At its heart, Curtains Closed is a concept EP. But unlike most concept records, it doesn’t just string together lyrics under a theme. It uses every tool at James’s disposal—melody, harmony, rhythm, space, silence, and even reverb—as emotional brushstrokes. The result is a sonic landscape that doesn’t just tell a story; it feels it.
The title track, “Curtains Closed”, is the EP’s emotional centerpiece and arguably James’s most accomplished song to date. Written in just a week, it captures the raw immediacy of emotional grief while still being musically sophisticated. It incorporates unexpected metre changes, found sounds, and subtle harmonic shifts—all hallmarks of James’s distinctive style—but nothing ever feels forced. The experimental elements never overshadow the message; they support it.
In contrast, “Disembodied” throws the listener into a psychedelic, wordless soundscape. By this point in the EP, lyrics have served their purpose, and the music speaks on its own. With a quintuplet polyrhythm performed live and unquantised, and instruments interacting like characters in a surreal dream, this track offers a transcendental experience. Think Jacob Collier meets post-rock, with an emotional weight that makes every bar feel intentional.

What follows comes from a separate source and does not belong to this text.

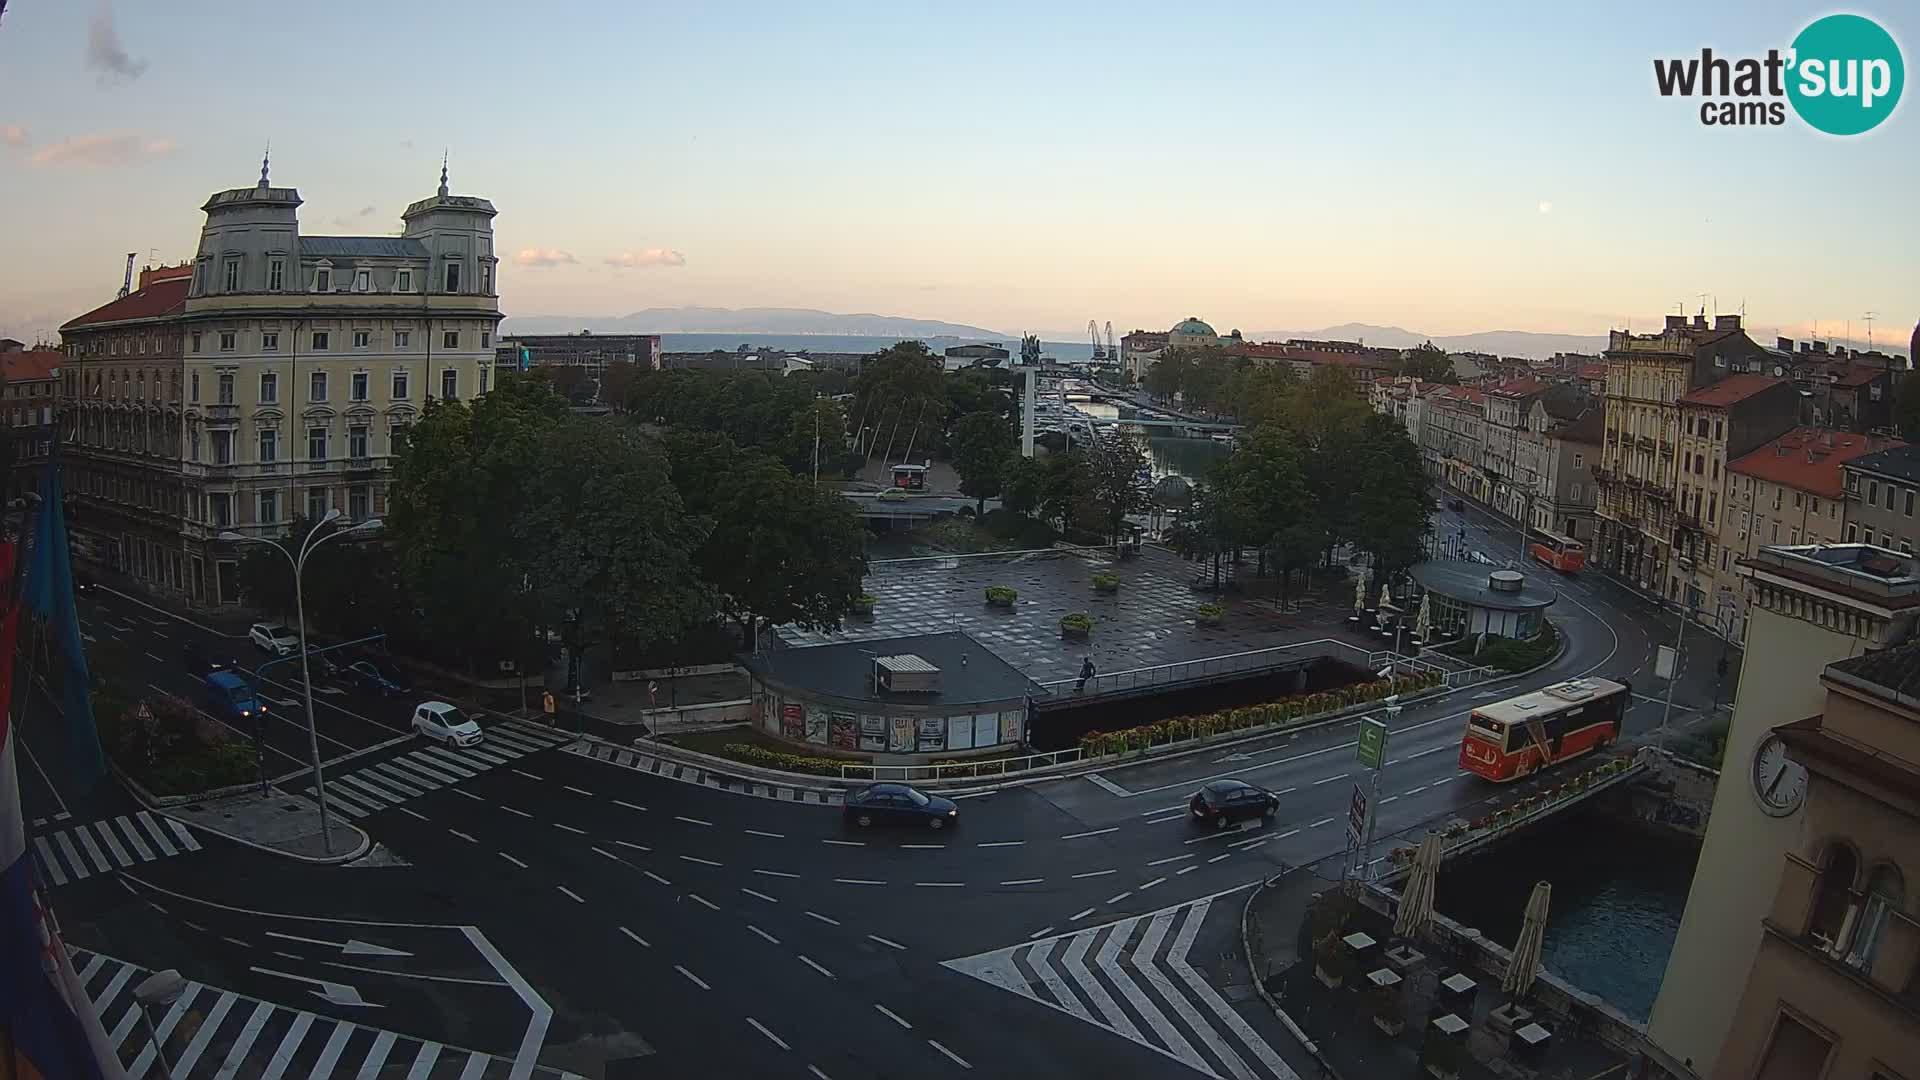 Rijeka –  Rječina, Fiumara and Tito square

Much of the recording took place in James’s childhood home—underneath the very bedroom where his sister once slept. This setting isn’t just symbolic; it seeps into the tracks. The upright piano used throughout is slightly out of tune, adding a natural imperfection that matches the emotional turbulence within the songs. On track five, even the reverb becomes its own instrument—dragging and colliding with overtones to create moments of chaos that perfectly mirror the turmoil of the story.
This EP doesn’t just push musical boundaries; it redefines them in subtle, emotional ways.
While James wrote all the music and lyrics, he also surrounded himself with key contributors who elevate the project. Saxophonist Reuben Selby returns for another collaboration, delivering a solo on “What am I supposed to feel?” that is both melodic and devastating. Drummer Ethan Williams brings intricate polyrhythms to life on “Disembodied”, while guitarist Oren Velasquez Hirtenstein’s solo work on track three gives the EP a powerful rock edge without disrupting its flow.
Each artist adds to James’s vision without taking away from the singular voice at the center of the story.
James Percival isn’t interested in fitting into boxes. He says it best himself: “In a world that demands that albums and EPs must be musically unified in the same sound and genre, I choose to be different. Not because I think I am better than anyone else but because I cannot write any other way.” That philosophy runs through every second of Curtains Closed. The EP doesn’t pretend to be neat or polished. It’s real. It’s jagged in all the ways grief can be.